Makuakane selects the creme de la creme of his students for the performance troupe. Among them are Jason Laskey, 34, an investment manager with Wells Fargo; his Honolulu K-12 schoolmate Jenny Des Jarlais, 34, an editor at BabyCenter.com; Ryan Fuimaono, 31, a social worker at Glide Community Housing; and Rose Guthrie, 21, a UC Berkeley senior who grew up on Potrero Hill. She’s an archaeology major, focusing on Hawaii.

The performing group, supported by students in the other classes, began putting on a really big show each autumn in 1996. It’s always a sellout, with the exception of 2008, the year the economy receded. Makuakane makes no apologies for choreographing to songs such Roberta Flack’s “The First Time Ever I Saw Your Face” because it gives new audience members a way in to more traditional works.

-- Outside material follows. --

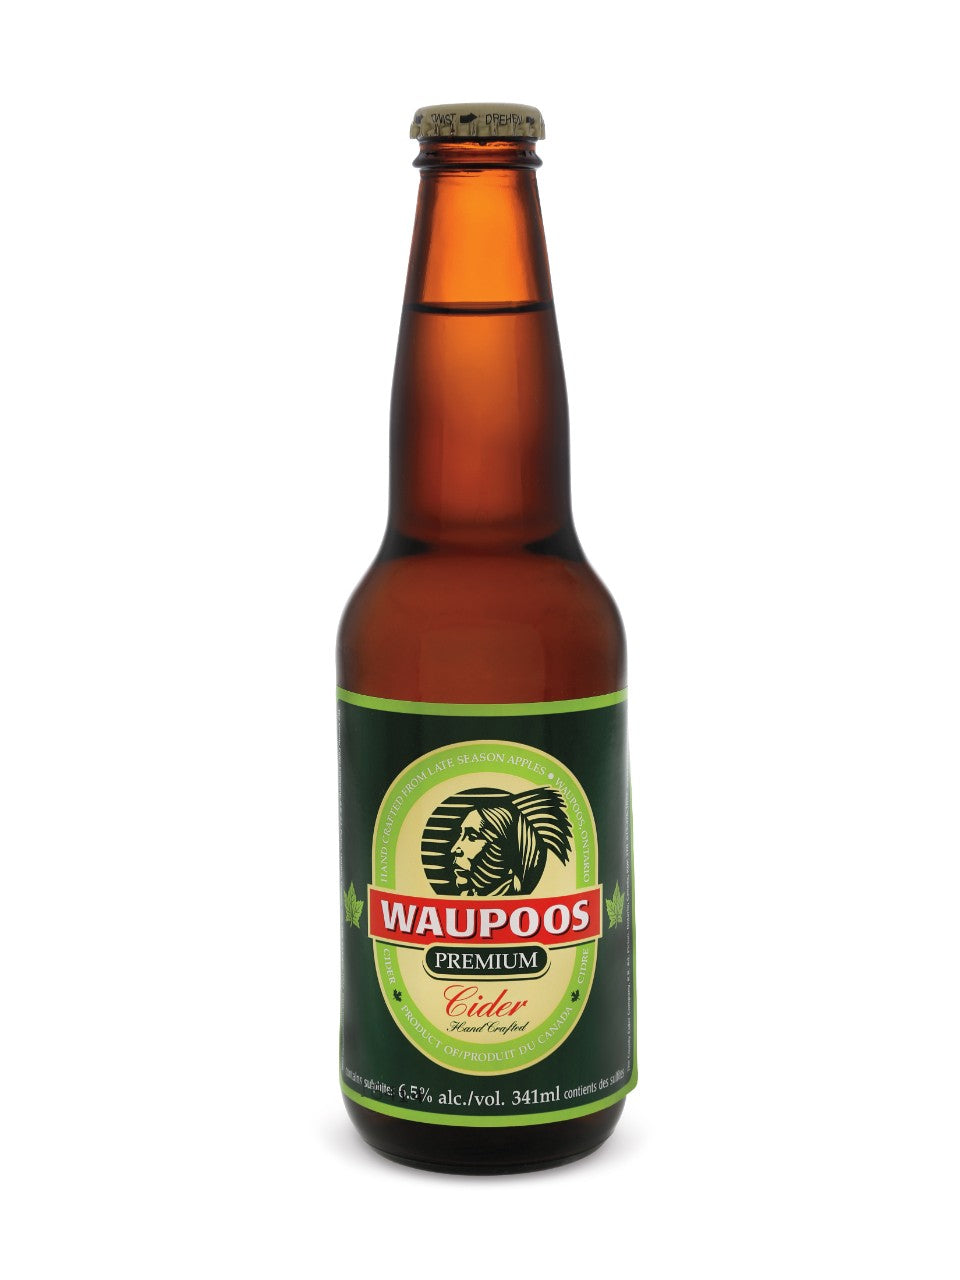 Waupoos Premium Cider 4 x 341 mL bottle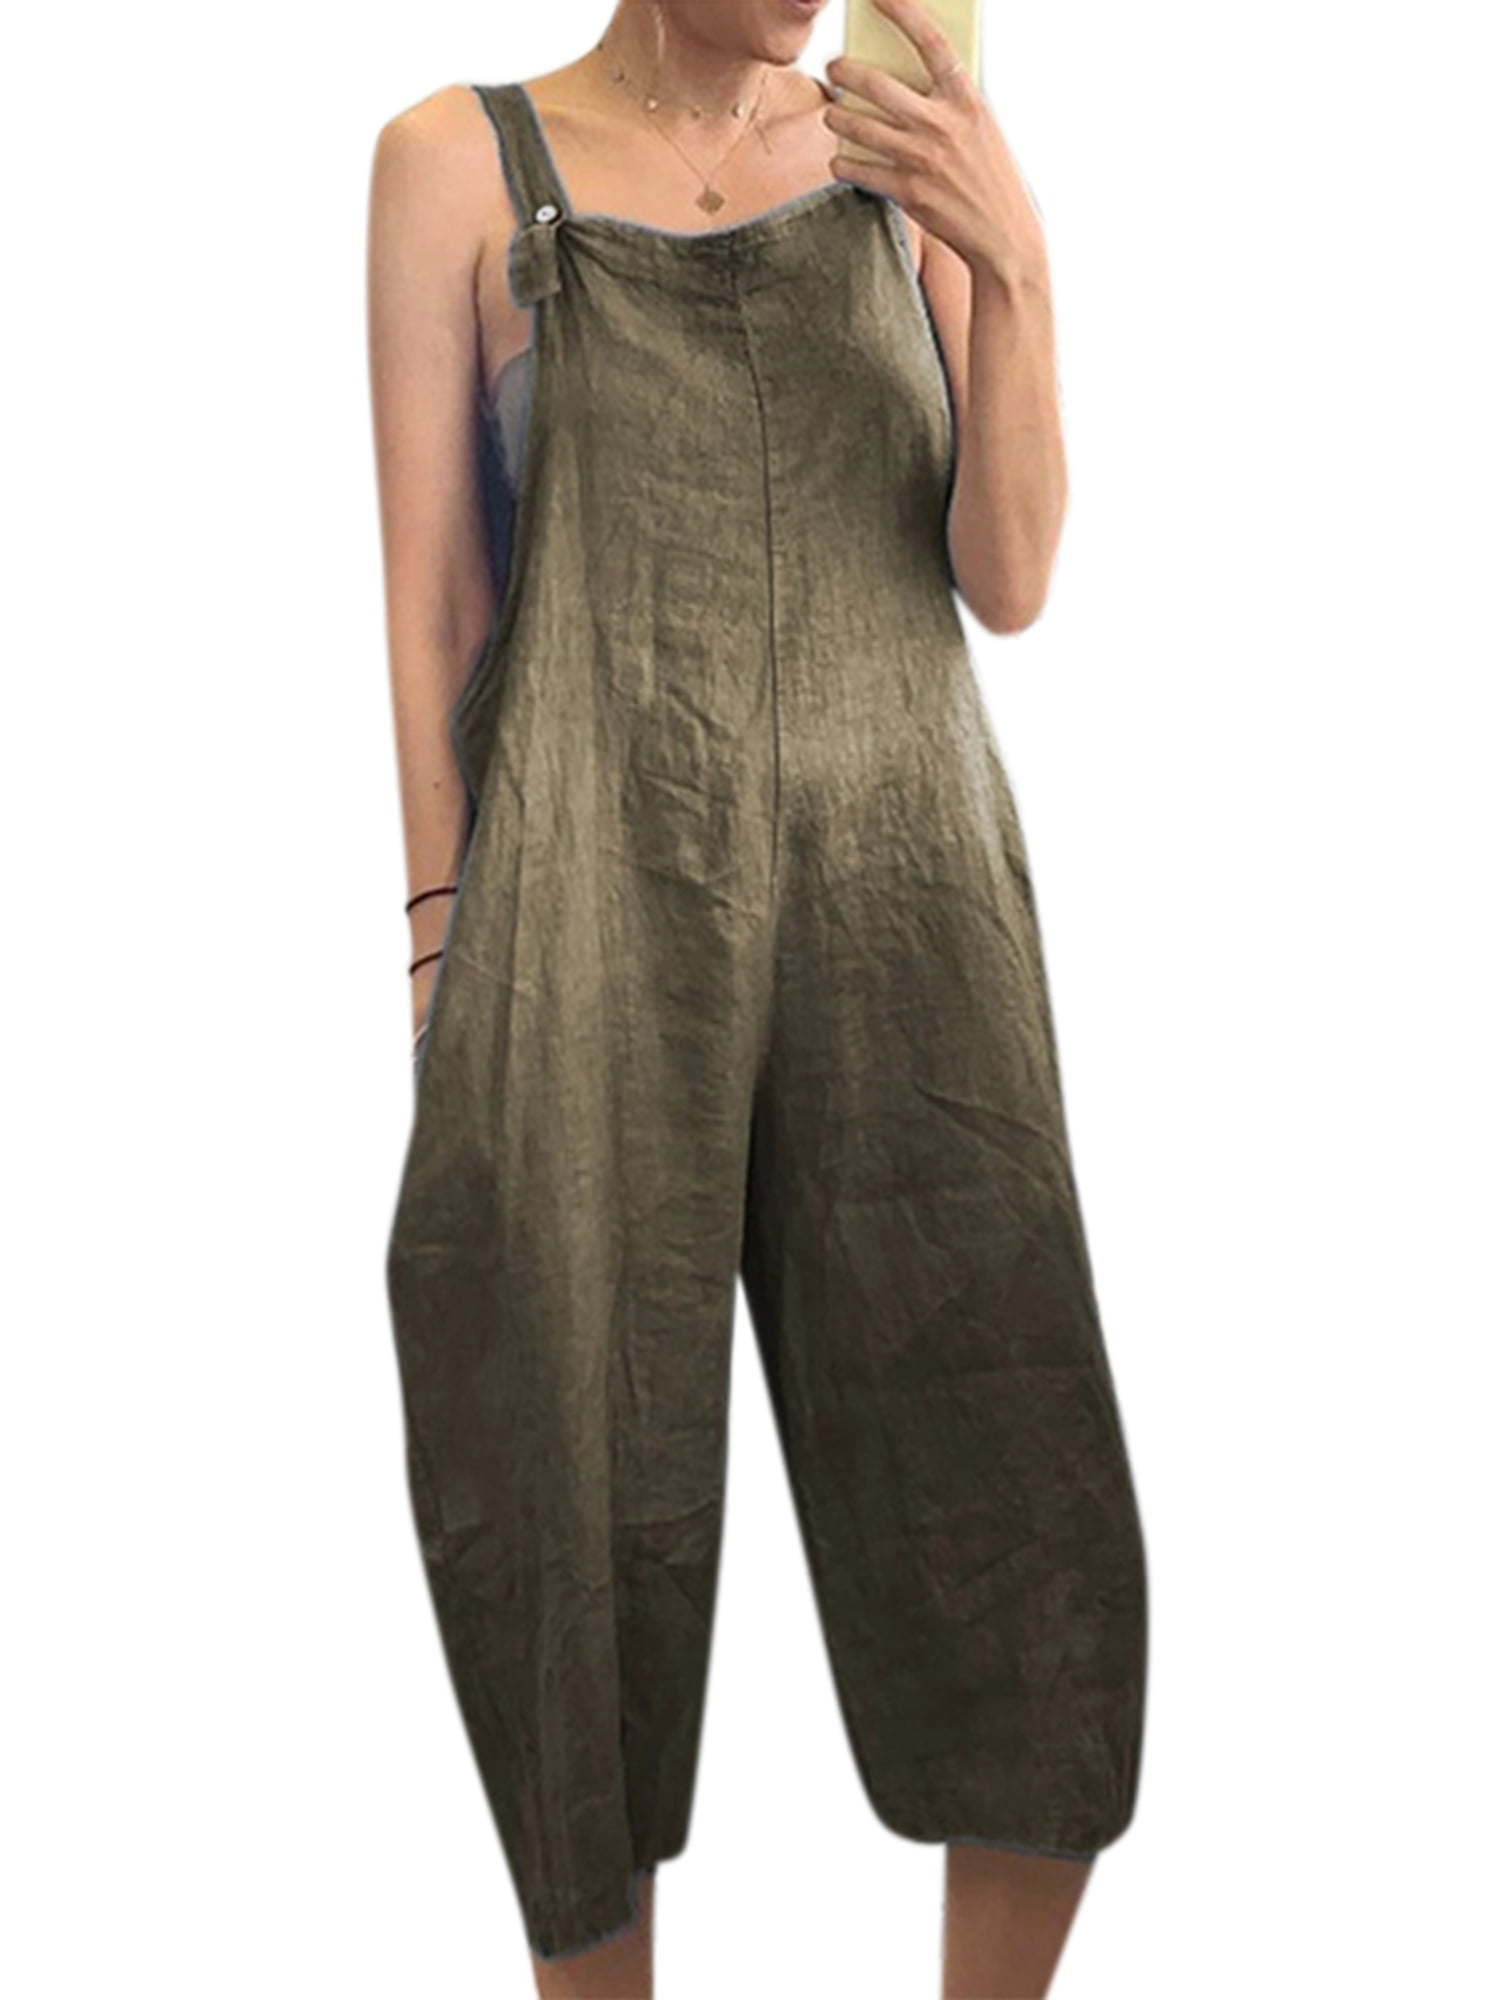 Plus Size Women Jumpsuit Casual Baggy Wide Leg Bib Overalls Romper Summer Button Up Suspender Playsuit Pants with Pocket

This year the show will present hula danced to music from India, Samoa, Turkey, Spain and Waianae. It includes Hanohano Kapalakiko, a suite of chants celebrating historical bonds between Hawaii and San Francisco.
“It is not traditional hula,” says Makuakane. “We execute a variety of dance styles; some of it is very modern. But the foundation for the movement is in hula vocabulary. The movement enhances the poetry; it’s all about embodying the mele (song or music), not overtaking the mele.”

Shift in direction
Makuakane credits Cazimero for pointing him toward nontraditional hula. “He raised many eyebrows experimenting, and that inspired me to try something different, to evolve hula. Hula mirrors your life. It’s different now than it was 200 years ago, it’s different in San Francisco from Hawaii.”

In 2003, Makuakane returned to Hawaii to study traditional hula with Mae Klein. In his 20s and 30s, Makuakane says he wanted hula to be exciting, but as an older dancer he could “see the pristine beauty in those dances. … It doesn’t need to be changed. Now, when I am choreographing difficult pieces, if I’m stuck, I’ll look to traditional dance and movement. It always seems to work.”